東京国際映画祭2004・日本映画・ある視点上映作品(上映題名『シンクロニシティ』)

2004年/日本/カラー/133分 配給:アップリンク

2006年07月28日よりDVDリリース 2006年1月28日、新春 Q-AXシネマ オープニングロードショー

公開初日 2006/01/28

配給会社名 0009

解説


ヴィジュアリスト手塚眞監督によるヴィジュアル・サイコ・スリラー

デビュー当時から、ホラー映画でのエンタテイメント性溢れる竹品作りで注目を集め、その後もPV、CM、イベントプロデュース、舞台演出、アニメ監督と、常に新たなメディアで才能を発揮してきたヴィジュアリス卜手塚眞。その手塚眞監督が映画監督デビューから20余年を経て、その原点であるヴィジュアルを徹底的に追求し観客を恐がせるという手法により新たなエンタテイメント作品『ブラックキス』を作り上げました。
手塚監督がかつて書いた小説の主人公〈鷹山〉(特殊犯罪事件のプロファイリングの専門家)も本作で映像化されるなど、構想6年に及ぶ本作は、友情、恋愛、アクション、サスペンス、ホラーと様々なマテリアルで入念に練られたストーリーに仕上がりました。手塚眞監督のエンターテイメント集大成、新感覚サイコ・スリラー作品誕生です。

独自の映像美の中に仕掛けられた様々なトリック

舞台である新宿をアジアの魔都として描き出すために、ハイビジョンカメラで撮影を行い、ポストプロダクション時にはデジタル処理により今回の闇のコンセプトであるダークグリーンを強調し21世紀のフィルム・ノワールとしての表現を追及し独特の色合いとタッチを持つ映像美に仕上げました。
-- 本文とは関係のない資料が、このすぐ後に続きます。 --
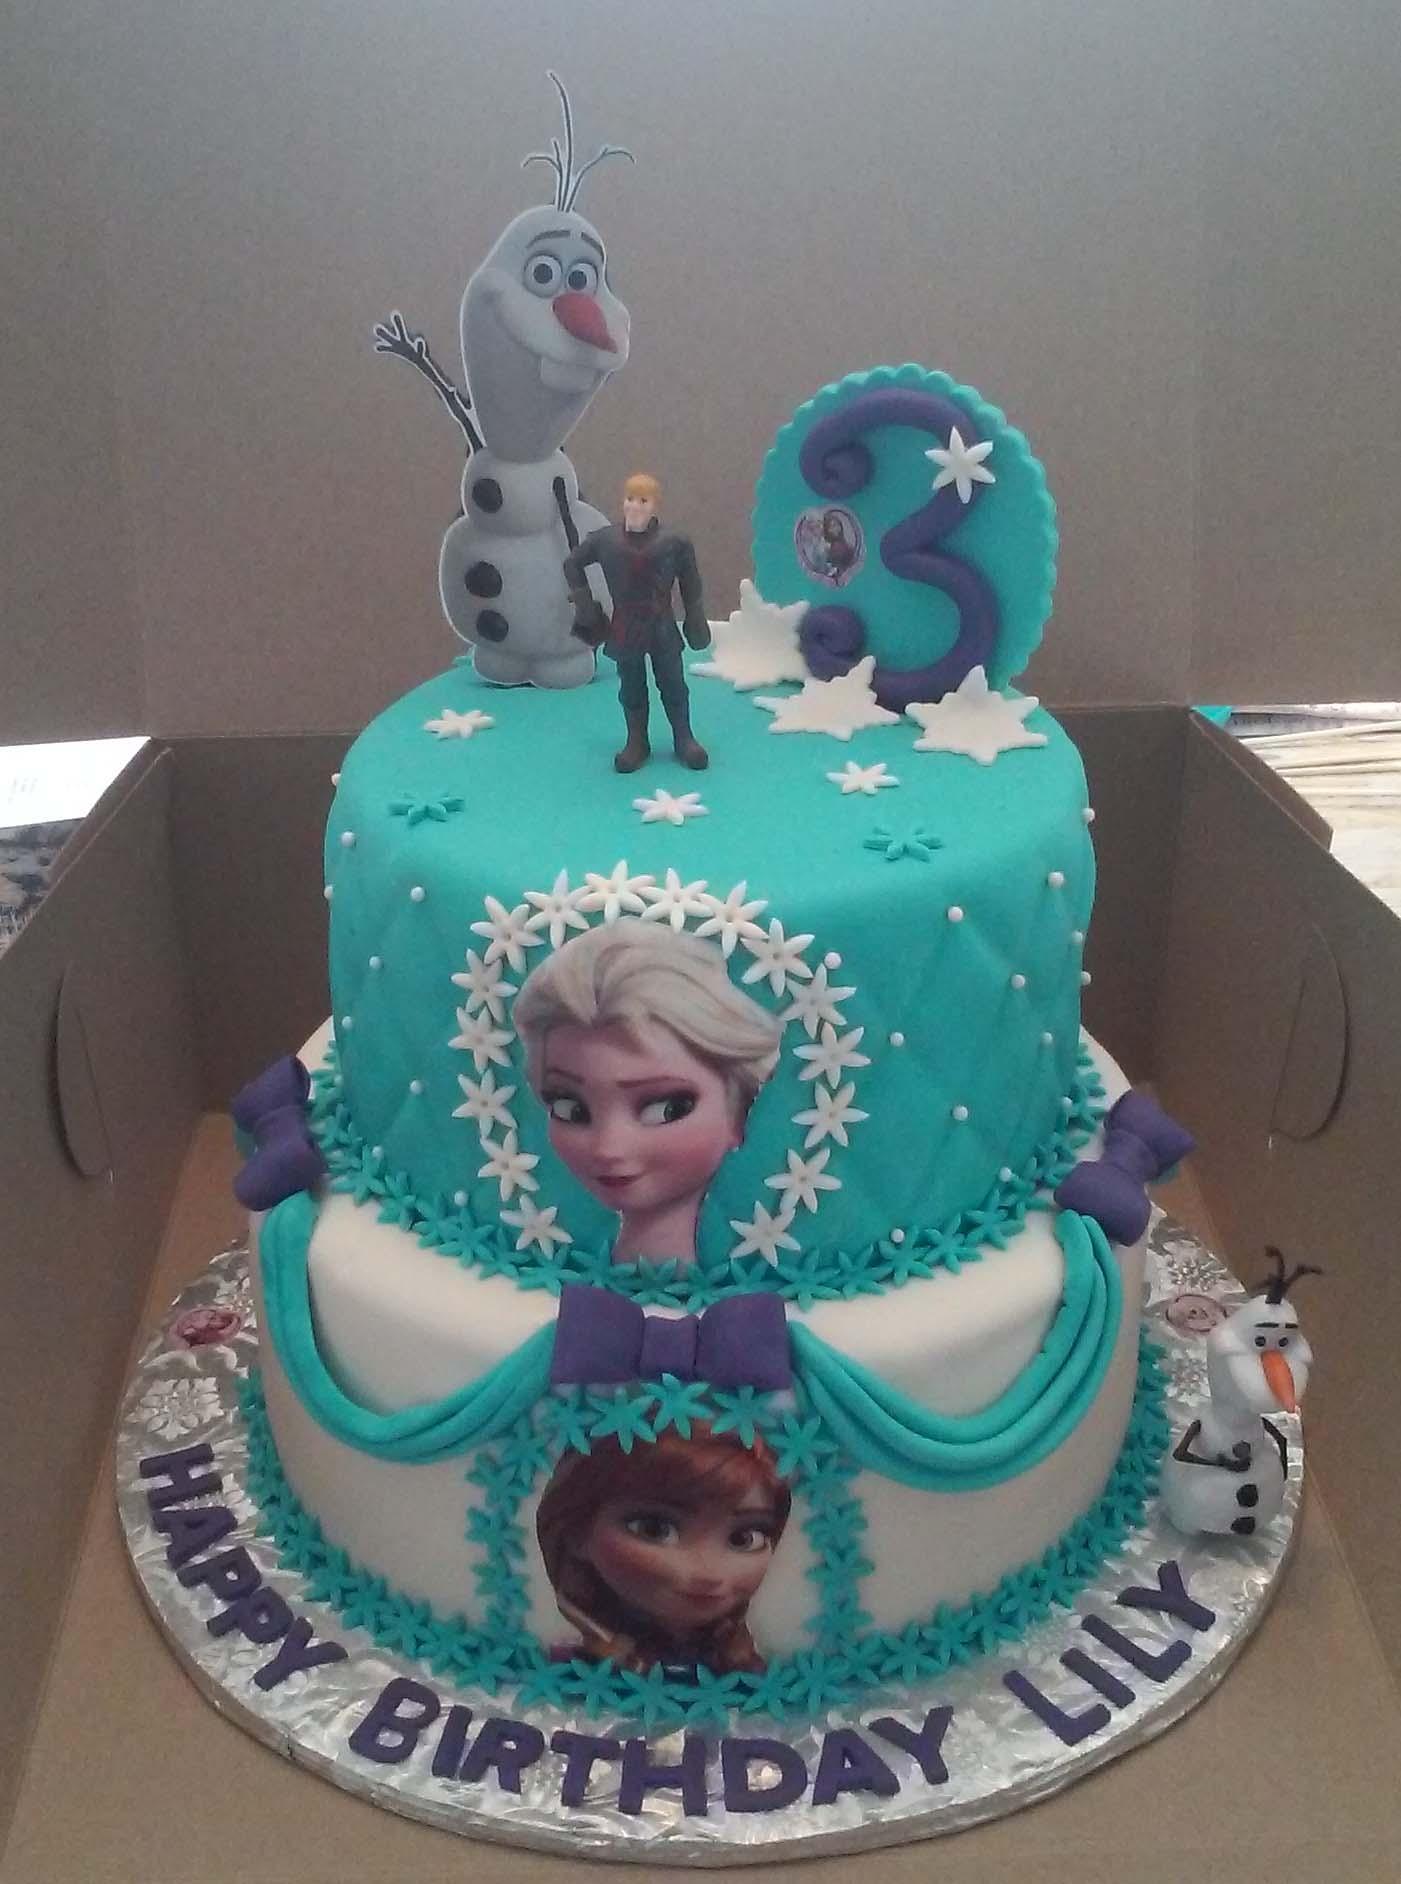 Outstanding 9 Elsa Themed Birthday Cakes Photo Birthday Cake Frozen Elsa Birthday Cards Printable Trancafe Filternl

また、ショッキングかつ斬新でスタイリュシュな映像の中に、ファッションモデル、ブードゥー教、反復して現れる数字、奇妙なぬいぐるみなど、さまざまな映画的キーワードをトリックとして仕掛け、この映画の要素の一つでもある“偶然”と“必然”の闇を飛び交うように登場させることで、観る者の緊張感をつのらせていきます。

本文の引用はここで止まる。